Chickpea, also known as chickpeas and Turkish peas, is an annual legume whose grains have an unusual shape, reminiscent of a sheep’s head with a bird’s beak.

Its stem is erect, covered with glandular hairs. Its leaves resemble wings. The plant reaches a height of 20-70 cm. The mass of about 1000 chick seeds, depending on the variety, varies between 150 and 300 grams.

Turkey pea is a heat-loving self-pollinating plant, pollination takes place in the phase when its flowers are closed, but sometimes cross-pollination is also possible.

The vegetation period of chickpeas is from 80-110 days for the early varieties to 150-220 days for the late varieties. Germination begins at a soil temperature between 3 and 5 degrees Celsius, the planting material of the Turkish pea also withstands short frosts, when the temperature drops to 8-11 degrees below zero.

Central Asia is considered the homeland of chickpeas. The plant is cultivated in the countries of Central and Middle Asia, East Africa, Eastern Europe, India and the Mediterranean region.

Turkey peas are the 3rd most popular legume in the world after peas and beans.

Nutritional value per 100 grams

• Proteins – 19.0 grams;
• Fats – 6 grams;
• Carbohydrates – 61.0 grams;
• Calorie content – ​​364 kilocalories ;

Chickpeas – useful properties

Chickpea sprouts contain high-quality proteins, plant fibers, a large amount of calcium, as well as magnesium, potassium, vitamin A and C. They are low in calories and surpass other legumes in terms of the amount of essential essential nutrients amino acids – methionine and tryptophan.

Modern scientists have found that people have long valued this type of legume. Chickpea grains contain up to 30% proteins, which in quality approach those of eggs, up to 8% oils, 50-60% carbohydrates, 2-5% mineral salts and many vitamins – A, B1, B2, B3, C, B6, PP /nicotinic acid/.

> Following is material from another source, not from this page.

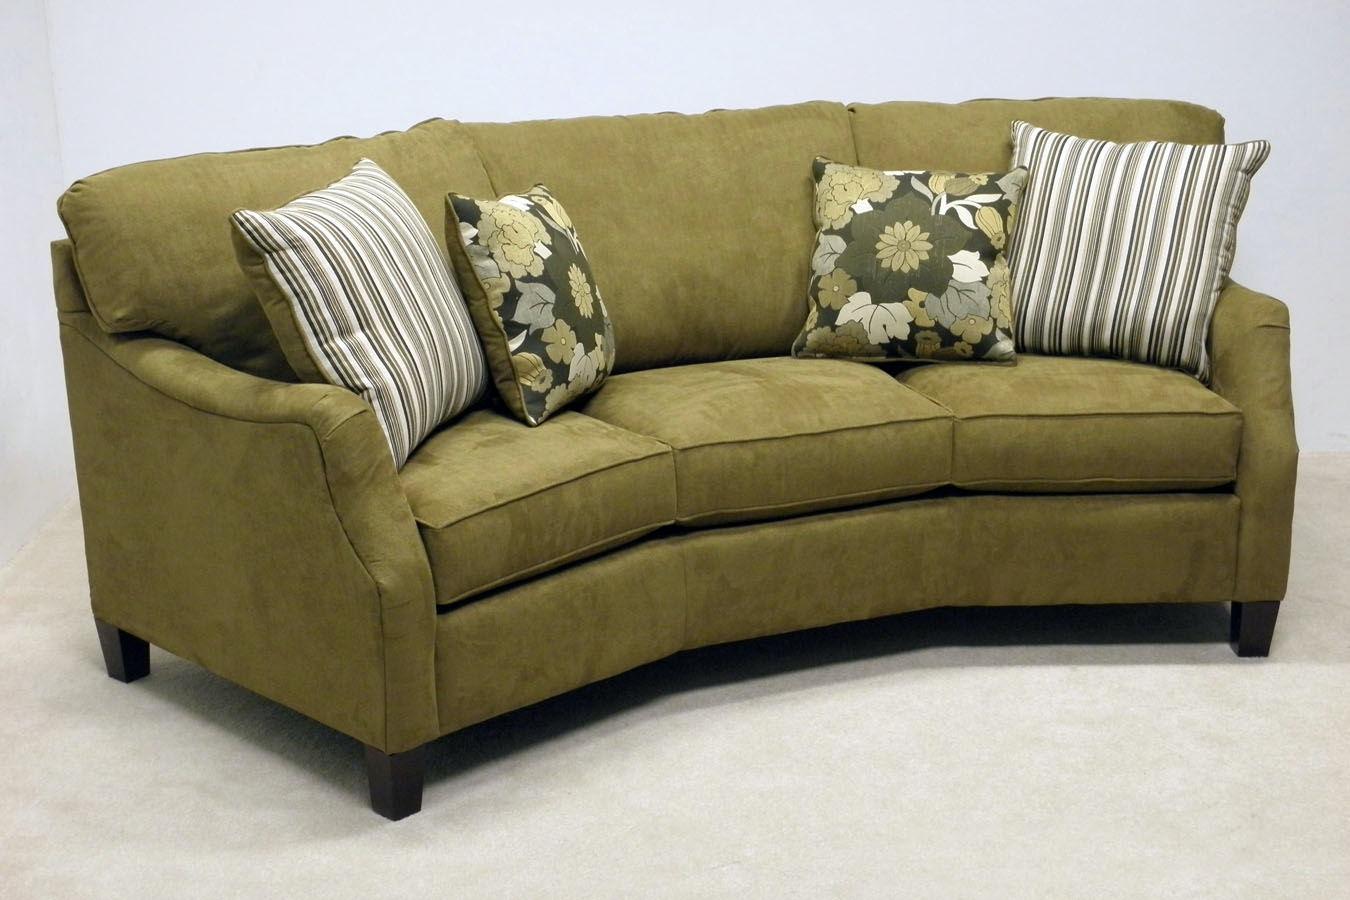 LaCrosse Living Room 96u0027u0027 No Sag Conversation Sofa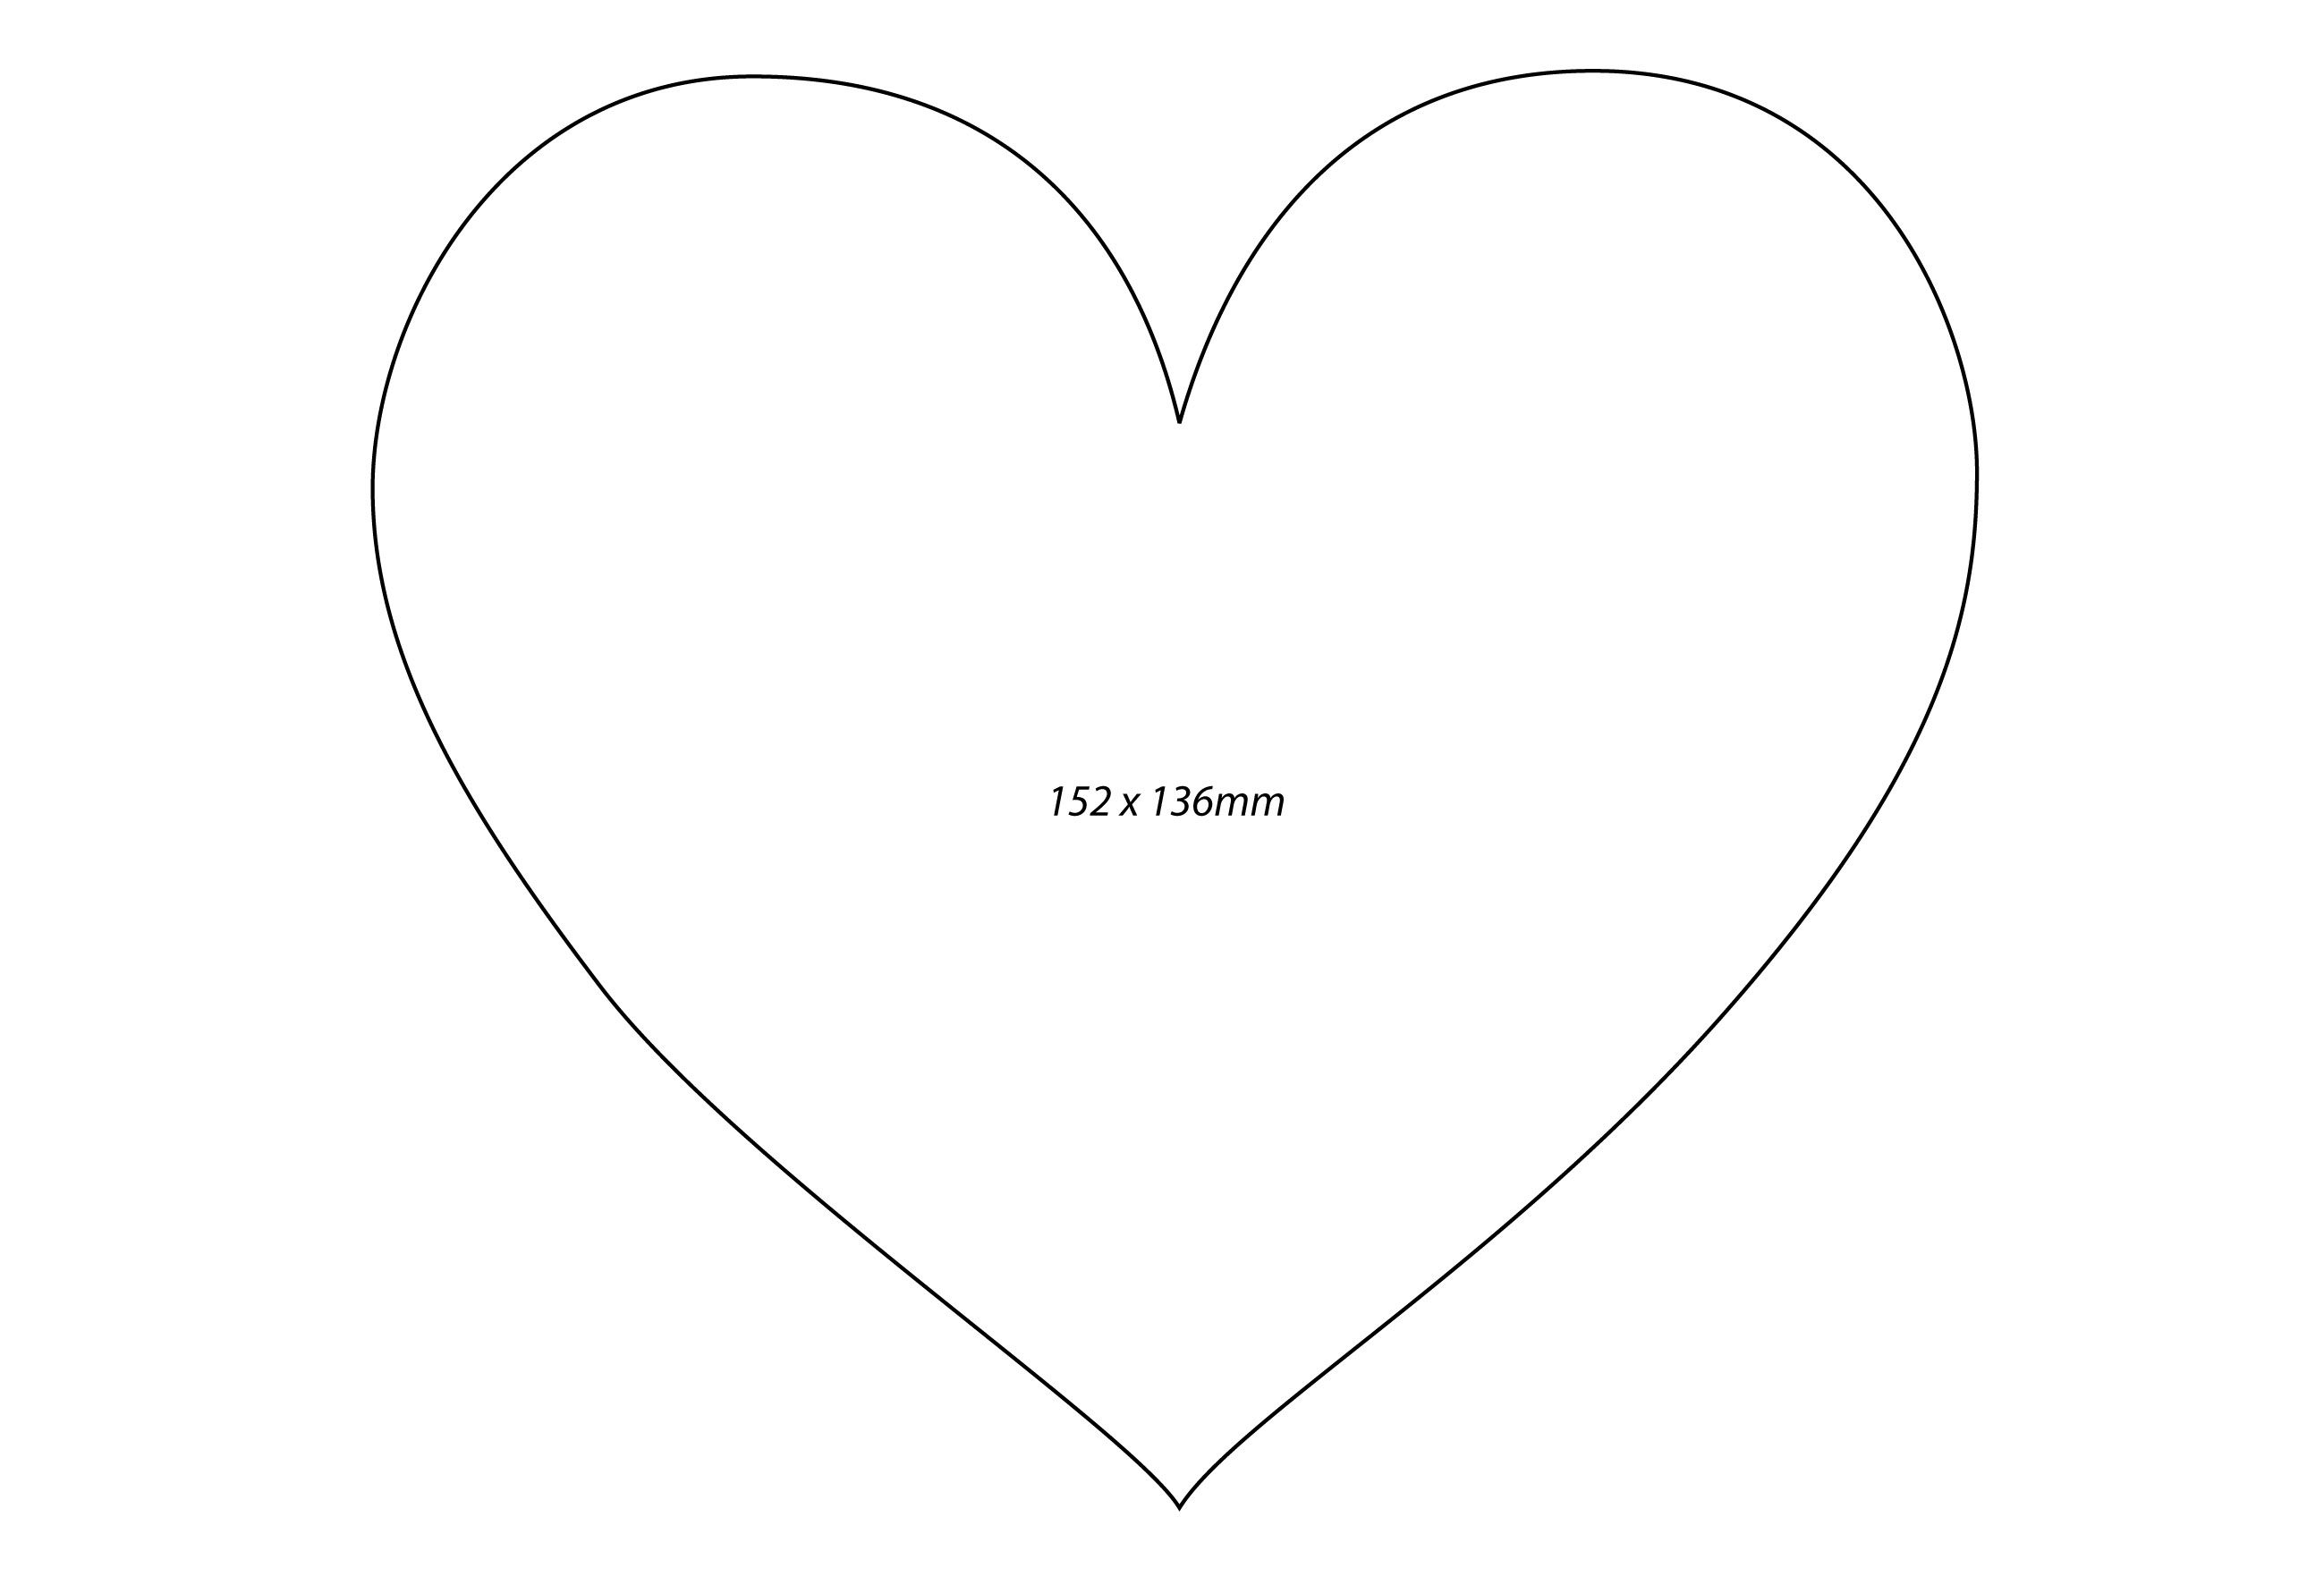 free heart shape template 15 heart shape photoshop collage ...

Due to its high nutritional value, turkey peas can be used instead of meat, as many people do during fasting. Such a diet serves as a prevention against diseases of the heart and blood vessels.

Thanks to the high fiber content, chickpeas improve digestion and have a beneficial effect on heart function, and also regulate blood sugar levels.

Turkey peas provide the body with energy, which is absorbed gradually without increasing the concentration of glucose in the blood.

Dioscorides Pedanius, one of the most famous physicians at the time of the Roman emperor Nero, reported that the tender young chickpeas had a beneficial effect on the stomach and recommended their use as a dessert.

Hippocrates advised people with skin diseases to include Turkish peas in their diet.

The presence of oxalic, citric and malic acids was found in chickpea leaves. Depending on the variety, the fat in the grains of the Turkish pea varies from 4.1-7.2%, and according to this indicator chickpea surpasses all legumes, except soybean.

The fact is known in folk medicine that if a person regularly eats chickpeas, he can protect himself from such dangerous eye diseases as cataracts – clouding of the lens and subsequently partial and complete blindness.

The transparency of the lens depends on the metabolic processes in the body, which can be disturbed as a result of clogging of the intestines, liver and the accumulation of toxins in the blood.

And chickpeas promote their purification and, accordingly, help to normalize the circulation of the intraocular fluid.

And for this reason, folk healers recommend Turkish peas not only for the treatment and prevention of cataracts, but also for maintaining the good health of the whole organism.